また人生100年時代をむかえ、高齢になっても働く人が多くなっていますが、仕事の選び方や取り組みの意識も人によって変わってきます。副業や趣味のため、なるべく時間が自由になる仕事を求めるといった選択にも、多くの人は驚かないのではないでしょうか?
そうした多様な選択肢があるからこそ、自分が何をしたいのかを改めて考えるといったことが必要になっているようです。しかし麗澤大学の宗健 客員教授によれば、「今現在、人生でやりたいことがある」という設問に「yes」と答えたのは、24.7%だったのです。つまり「やりたいこと」を見つけている人は、4人1人。75%の人は自分の「やりたいこと」がわからないままに暮らしているのです。

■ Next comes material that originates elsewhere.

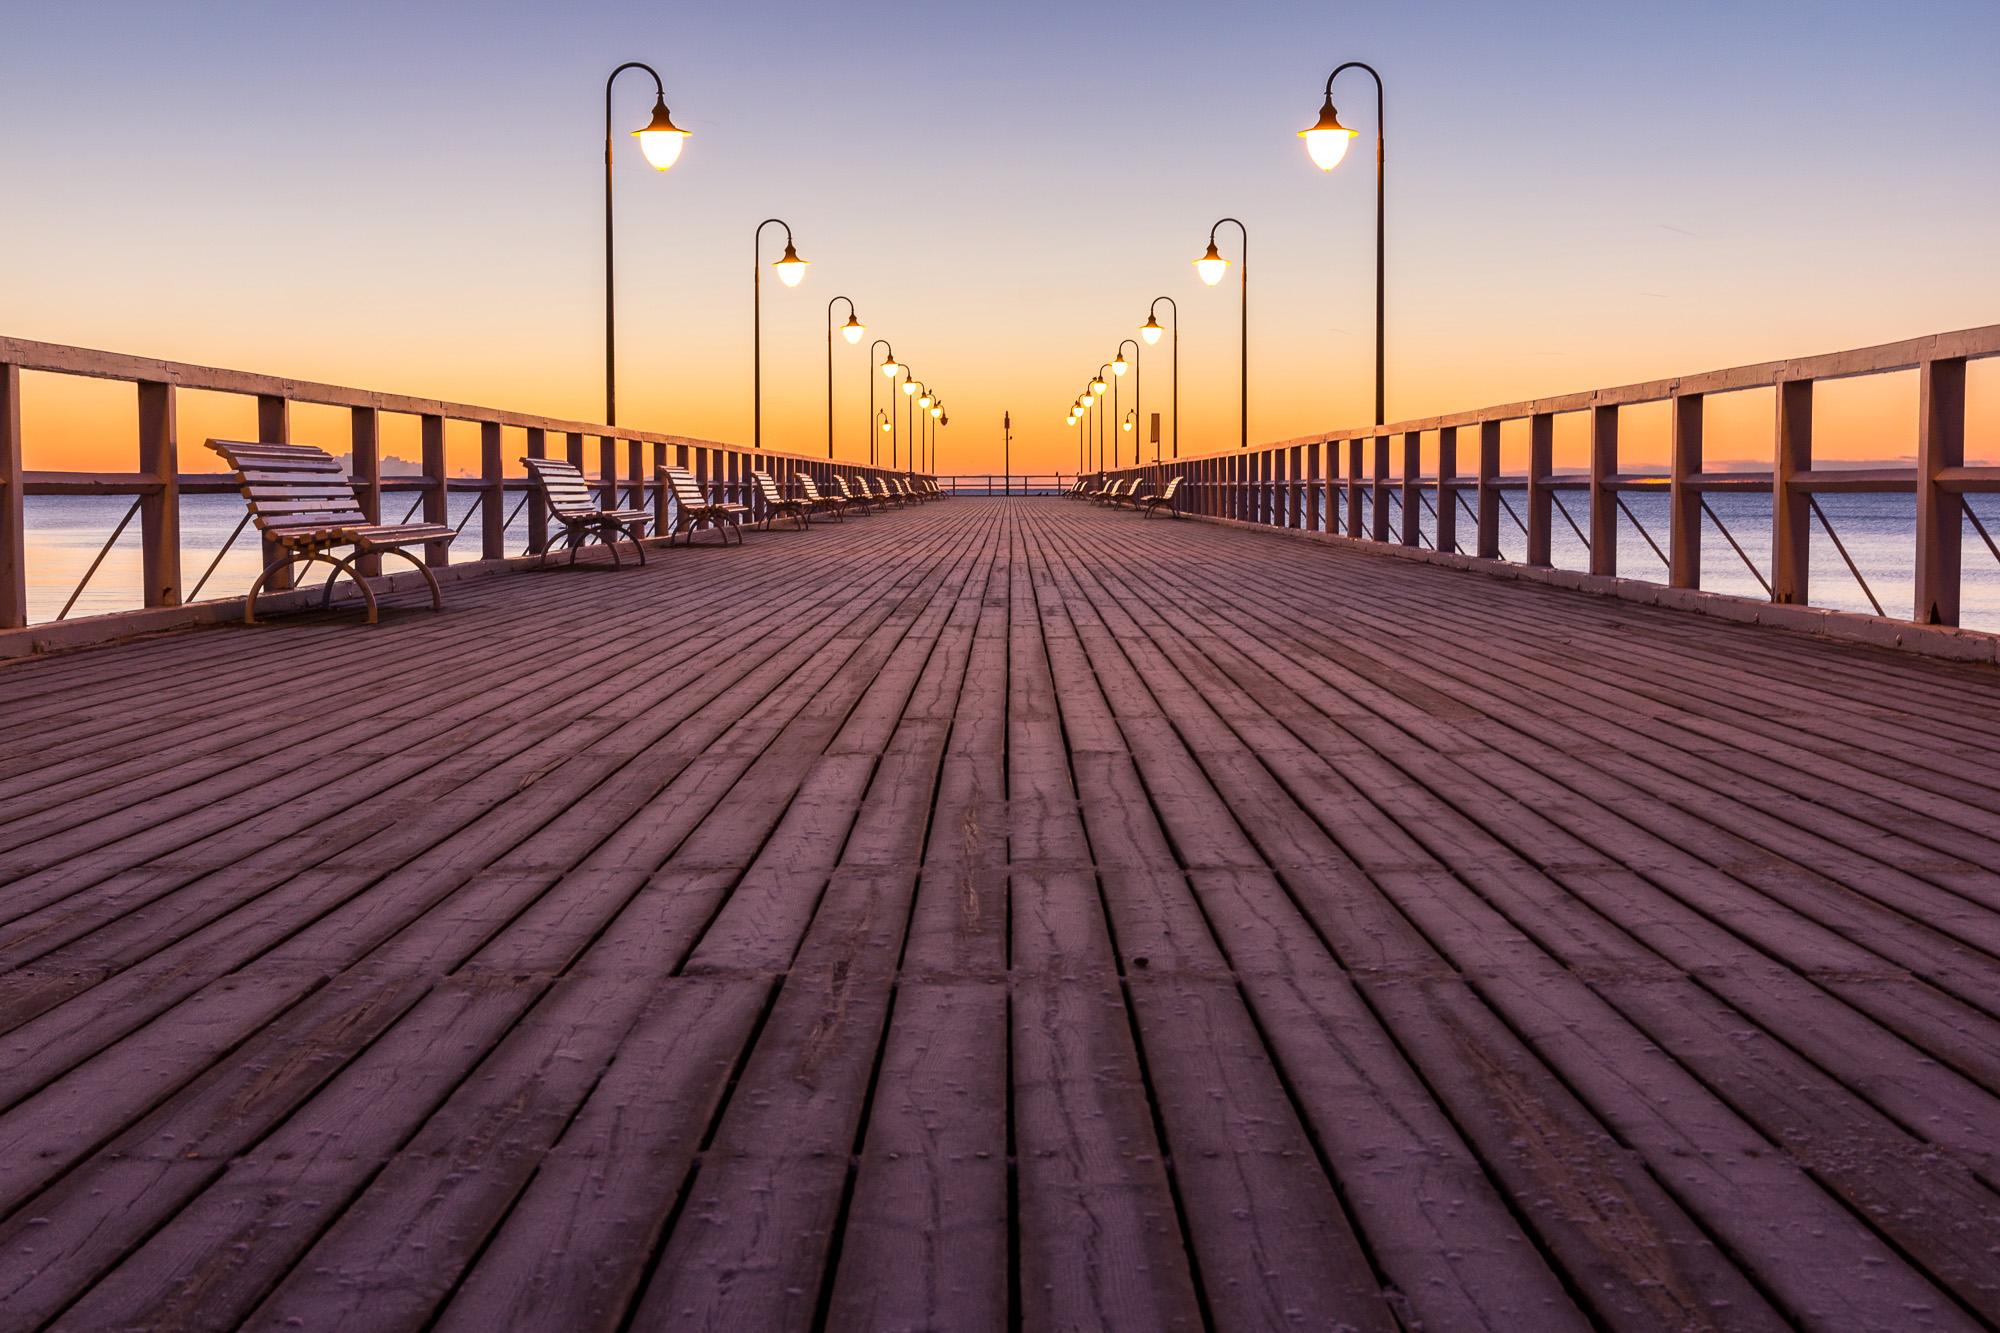 Molo w orlowie, Gdyna, Polsko

もちろん必ずしも「やりたいこと」を見つける必要はありませんが、夢中になれるものがあれば、より幸福を感じられることでしょう。そこで「やりたいこと」を見つける方法をお伝えしましょう。
目標と価値観の違いって?
「やりたいこと」を見つけるための最初の一歩は、目標と価値観の違いを理解することです。というのも「やりたいこと」について考えるとき、目標を考えてしまうケースがあるからです。

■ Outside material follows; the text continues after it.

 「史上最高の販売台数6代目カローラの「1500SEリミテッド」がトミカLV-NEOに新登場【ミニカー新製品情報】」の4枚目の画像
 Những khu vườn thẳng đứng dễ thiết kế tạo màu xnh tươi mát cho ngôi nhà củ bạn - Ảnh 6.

例えば「年収1000万円の達成」は、本当にやりたいことなのでしょうか? これは「目標」ではないでしょうか。目標は価値観のマイルストーンにしか過ぎません。価値観に沿った生き方を続けるための節目として掲げられることが多いからです。
そのため達成したら、こだわる必要がなくなります。
一方、価値観とは、その人の人生の基本的な考え方のもととなるものです。価値観に沿って目標が設定されていれば、思い通りに生きていると感じられますが、価値観とズレた目標によって虚しさを覚えてしまうこともあるでしょう。これは会社から与えられたノルマなどを思い出せば理解できるでしょう。
だからこそ、私たちは自分の「価値観」と結びついた「やりたいこと」を見つける必要があります。自分の「やりたいこと」が目標なのではと迷ったら、達成したときのことを考えみましょう。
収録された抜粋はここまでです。